Vision 360 is being used by 19 practices in Pembrokeshire to make information available to out-of-hours clinicians using Adastra software. The next community of live users is scheduled to be Cardiff, which will start using Vision 360 for the IHR later this summer.
Simon Fanthorpe, INPS IT director, says Vision 360 gives GPs a virtual private database. Practices retain a lot of control of their own data and can ensure that only the information they want to add to their record from other settings is incorporated.

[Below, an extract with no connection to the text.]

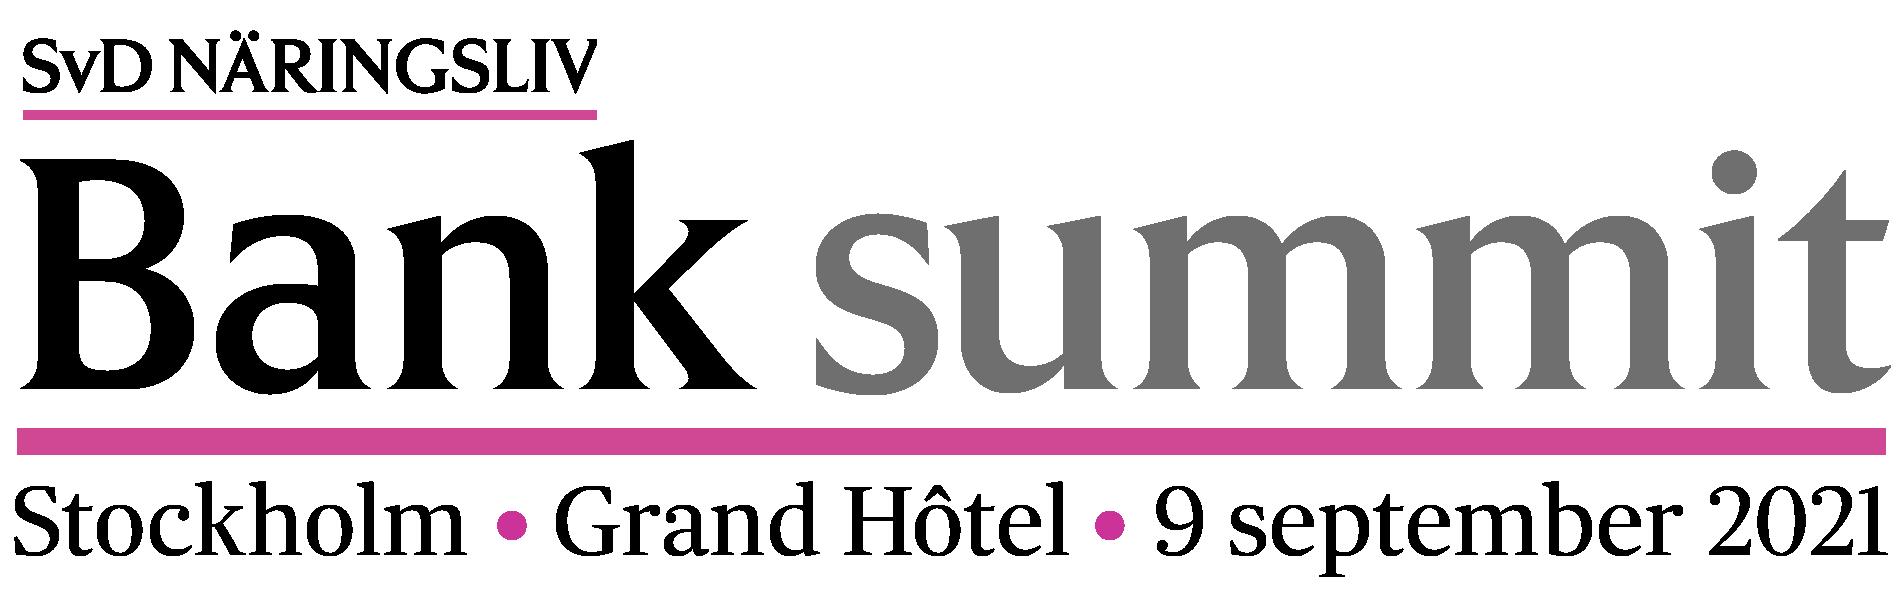 SVD Bank Summit

Blackmore adds: “Local communities have different attitudes to sharing and Vision 360 can offer local choice whereas working with the national services in England doesn’t really allow you that.”
Vision 360 as a GP system
Max Brighton, INPS managing director, says the intention is to seek NHS Connecting for Health accreditation for Vision 360 as a GP system – just as EMIS is currently doing for its next generation system, EMIS Web.
However, Brighton also pledges that the current customer base of 2,314 practices will not be forced to move from the current Windows product Vision 3. He says that Vision 3 will continue to comply with new requirements so that practices are not left using less functionally-rich software.
Vision 3 was the first of the GP systems in England to meet CfH standards for hosting – about a third of all INPS practices are now in a hosted environment – and is also compliant with GP2GP, the SCR and EPS Release 2.
The other data sharing initiative which INPS is focusing on is its 50:50 joint venture with EMIS. The two system suppliers have set up a separate company, Healthcare Gateway, to implement their Medical Interoperability Gateway.
Brighton says there are lots of places where both EMIS and INPS practices are common and that the MIG offers them an opportunity to share data. He says the new company sees particular opportunities in areas where boundaries are less distinct, such as in London and other metropolitan areas, where there is a demand for community-wide IT solutions.
He argues that the gateway will provide an alternative to building links into a range of different systems, covering everything from social care to hospitals and community providers. He also says third party suppliers are interested in the MIG as a way of adding value to their existing product.
The MIG has already passed CfH testing for interoperability toolkit standards for discharge summaries, in a consortium with Infoflex. The company hopes the first implementation of the MIG will happen in the third quarter of this year.
INPS was bought by French-based Cegedim, a healthcare IT and information specialist, 12 years ago. It supplies different GP IT systems in other parts of Europe and also owns Cegedim Rx, suppliers of the pharmacy software used in 50% of UK pharmacies.
Brighton says Cegedim Rx also reports to him and says there is an “obvious opportunity” there for joint working with INPS. However, he argues that information governance issues with UK community pharmacies will need to be further developed before data sharing in this environment gets going.
INPS also has ambitions to develop its business overseas, which Brighton says would be driven by success at tendering opportunities or buying existing companies.
Overall, Brighton is optimistic that the current economic squeeze will be good news for suppliers like INPS. In England, he hopes to see “greater agility” introduced into the local service provider contracts, with money spent on making better use of the IT systems the NHS already has rather than replacement programmes.
He adds: “More austere times might not be a bad thing for us and I welcome the change to the approach. The things we do are cost-effective and we have always been prepared to work with other competitor partners. I am excited by the future for us and for the health service in general.”